A data catalog contains lots of critical information about each piece of data, such as the data’s profile (statistics or informative summaries about the data), lineage (how the data is generated), and what others say about it.
The catalog is the go-to spot for analysts and others, who are trying to find data to build insights, discover trends, and identify new products for the company.
Why does a company need a data catalog?
According to Forrester research, only 14% of business stakeholders make thorough use of customer insights. That’s because most companies don’t have access to their data.
Just consider a typical data stack for a company:
A Typical Data Stack of a Company
A data catalog solves multiple problems. It gives a comprehensive view of each piece of data across databases. Plus, it makes the data easy to find. It also can put guardrails on the data and govern who can access it.
The step-by-step process of building a data catalog
Accessing Metadata of all databases
The first step for building a data catalog is collecting the data’s metadata. Data catalogs use metadata to identify the data tables, files, and databases. The catalog crawls the company’s databases and brings the metadata (not the actual data) to the data catalog.
Some data catalogs have restrictions about the types of databases it can crawl. OvalEdge doesn’t. It can crawl:
- Transactional databases (RDBMS) – Oracle, SQL Server, MySQL, DB2, etc.
- Data warehouse – Teradata, Vertica etc.
- NoSQL databases – Cassandra, MongoDB
- Cloud Storage – Google Big Query, MS Azure Data Lake, AWS – Athena & Red Shift
- Tableau and Power BI
Building a Data dictionary
The second step is to build a data dictionary or upload an existing one into the data catalog.
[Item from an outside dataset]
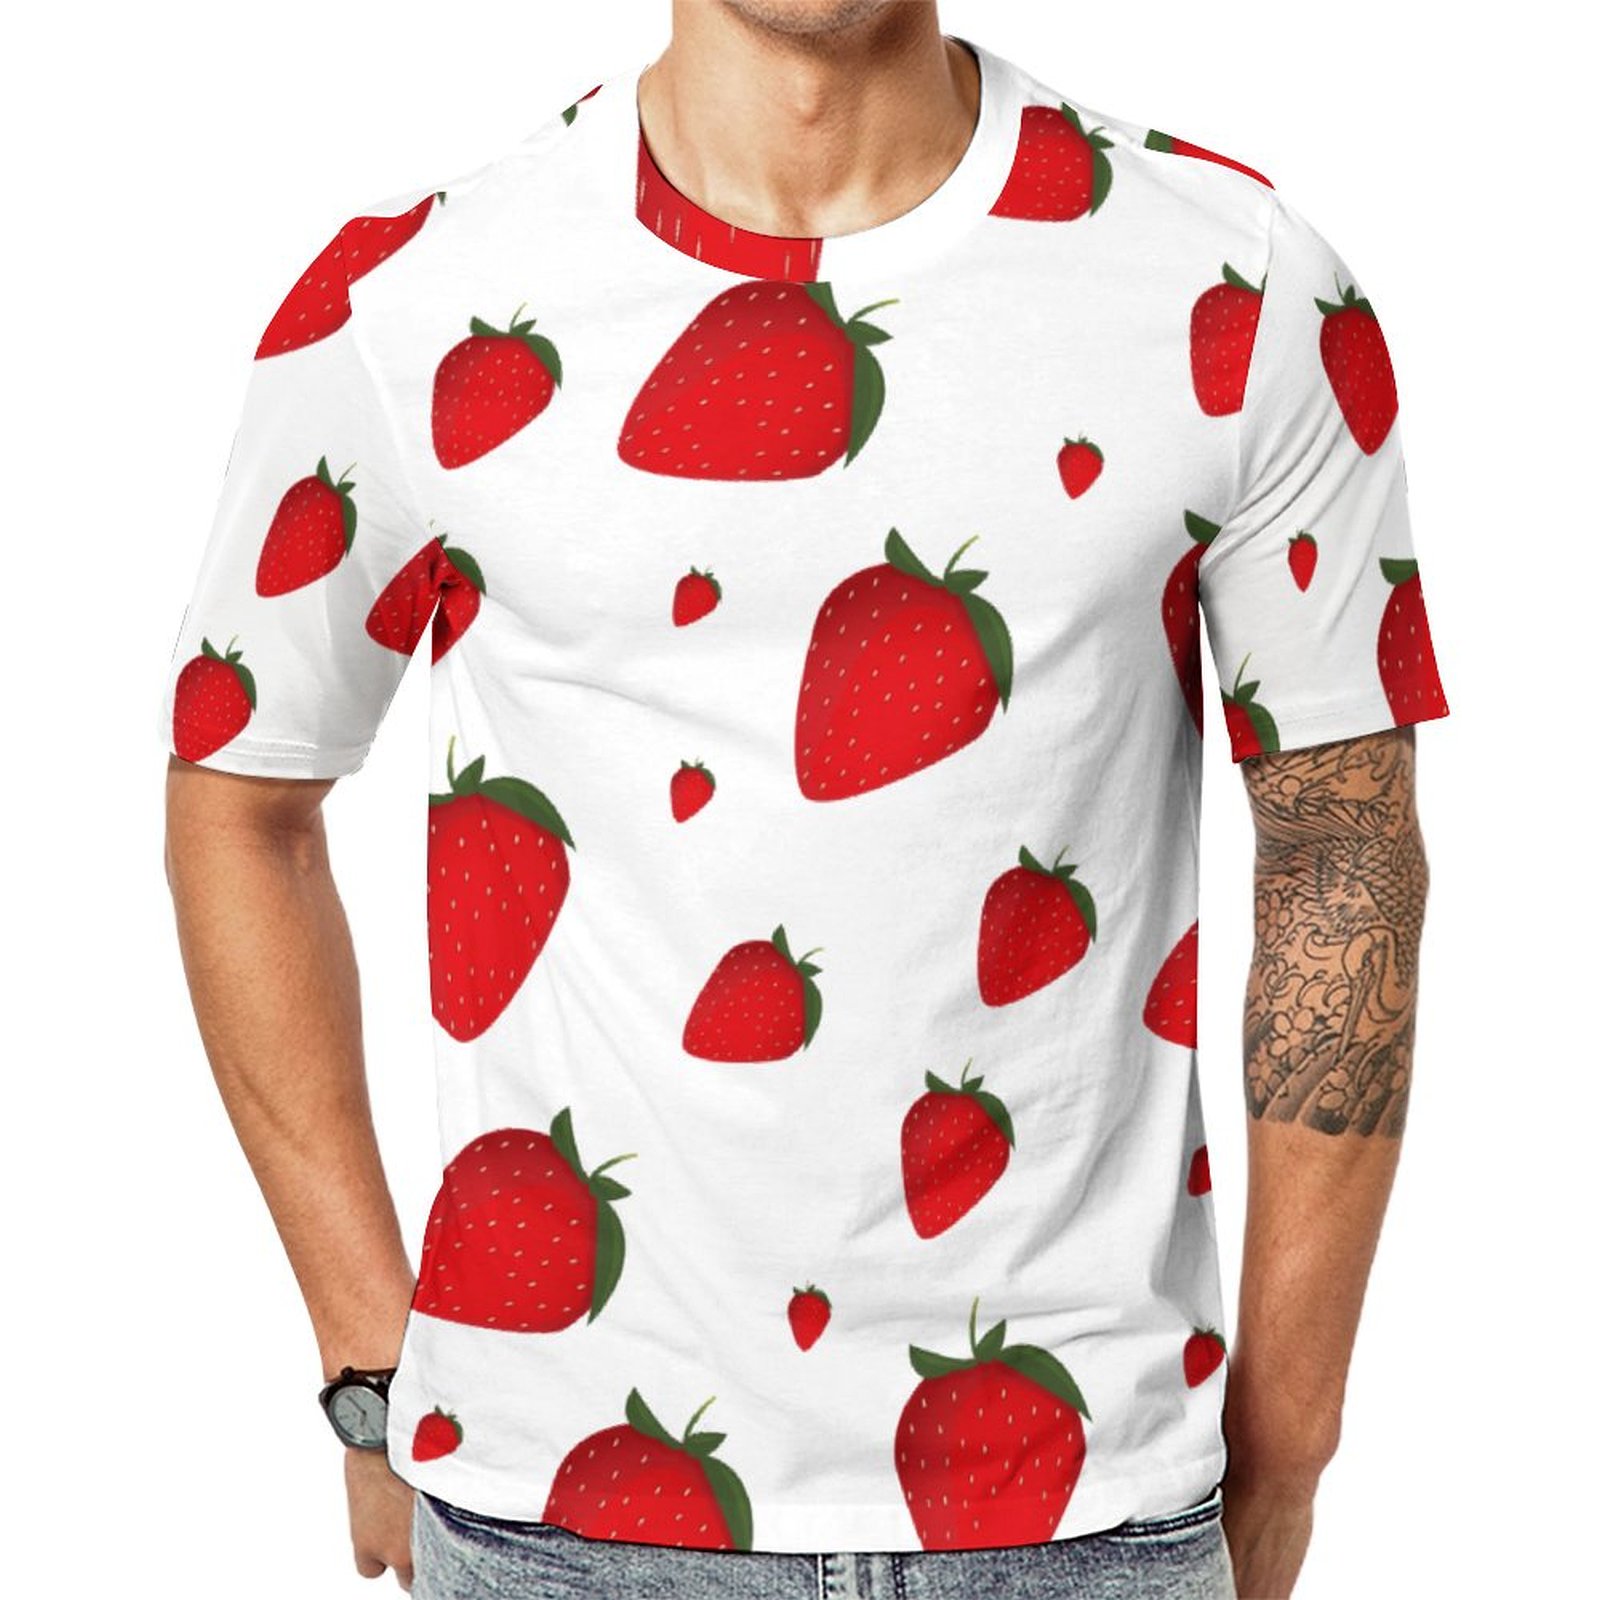 Food Red White Strawberry Fruit Short Sleeve Print Unisex Tshirt Summer Casual Tees for Men and Women Coolcoshirts

A data dictionary contains the description and Wiki of every table or file and all their metadata entities.
Employees can collaborate to create a data dictionary through web-based software or use an excel spreadsheet.
An image of a data dictionary
Profiling to See the Data Statistics
The next step is to profile the data to help data consumers view and understand the data quickly. These profiles are informative summaries that explain the data.
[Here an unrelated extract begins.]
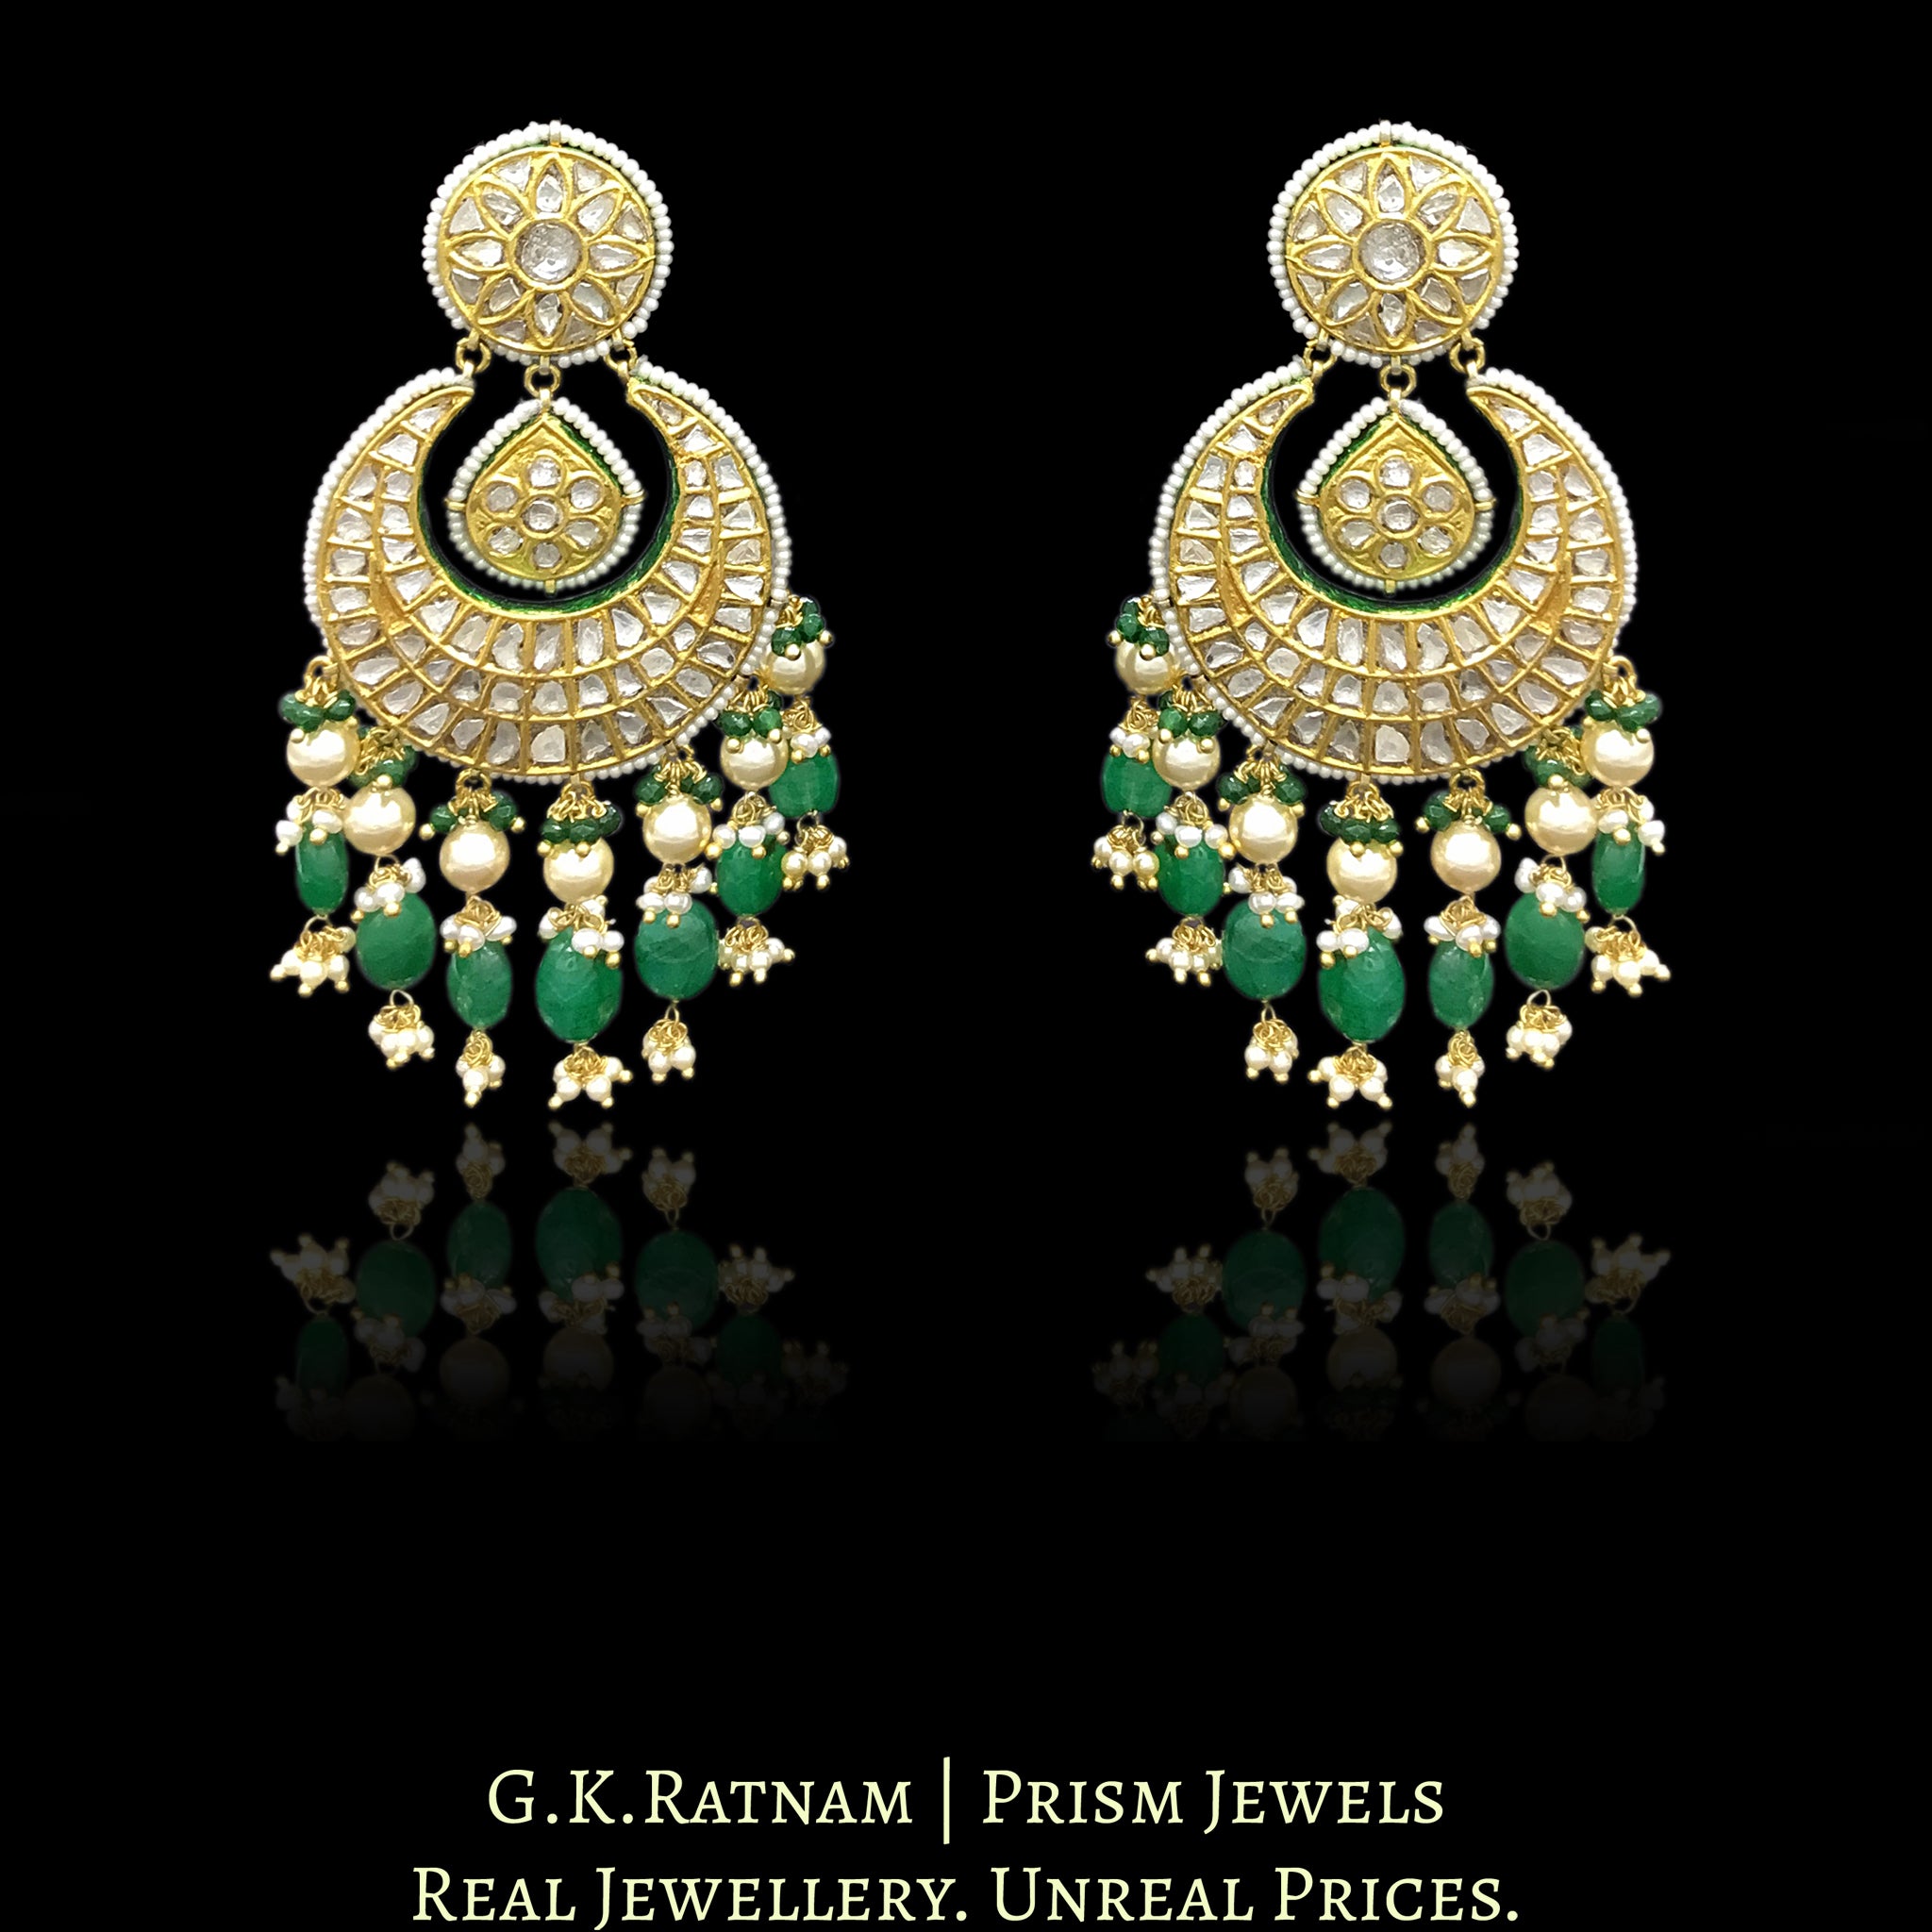 23k Gold and Diamond Polki Chand Bali Earring Pair with chandelier-like stringing of pearls and emerald-grade beryls - G. K. Ratnam

For example, the profile of a database often includes the number of tables, files, row counts, etc.. For a table, the profile may include column description, top values in a column, null count of a column, distinct count, maximum value, minimum value and much more.
An image of a table profile in the data catalog, Ovaledge
Marking Relationship Amongst Data
Marking relationships is the next vital step. Through this step, data consumers can discover related data across multiple databases. For example, an analyst may need consolidated customer information. Through the data catalog, she finds that five files in five different systems have customer data. With OvalEdge data catalog and the help of IT, one can have an experimental area where you can join all the data, clean it. Then use that consolidated customer data to achieve your business goals.
An image of relationships marked for Table ‘Accounts’ with other tables
The many ways relationships can be marked
The relationship can be marked amongst data in several ways:
1. Through human knowledge
2. An advanced algorithm can find out the connection. For example, in a table under the column name ‘vendor,’ you have an entity ‘Amazon.’ In another table, for column V1 you also have an entity ‘Amazon.’ The algorithm will figure out that there is a relationship between these tables.
3. Gathering intelligence from queries – Some developers know the connection between different data sets from experience. Their query logs can be examined and then parsed to mark relationships.
After marking relationships, a data catalog builds lineage. A visual representation of data lineage helps to track data from its origin to its destination. It explains the different processes involved in the data flow. Hence, it enables the analyst to trace errors back to the root cause in the analytics.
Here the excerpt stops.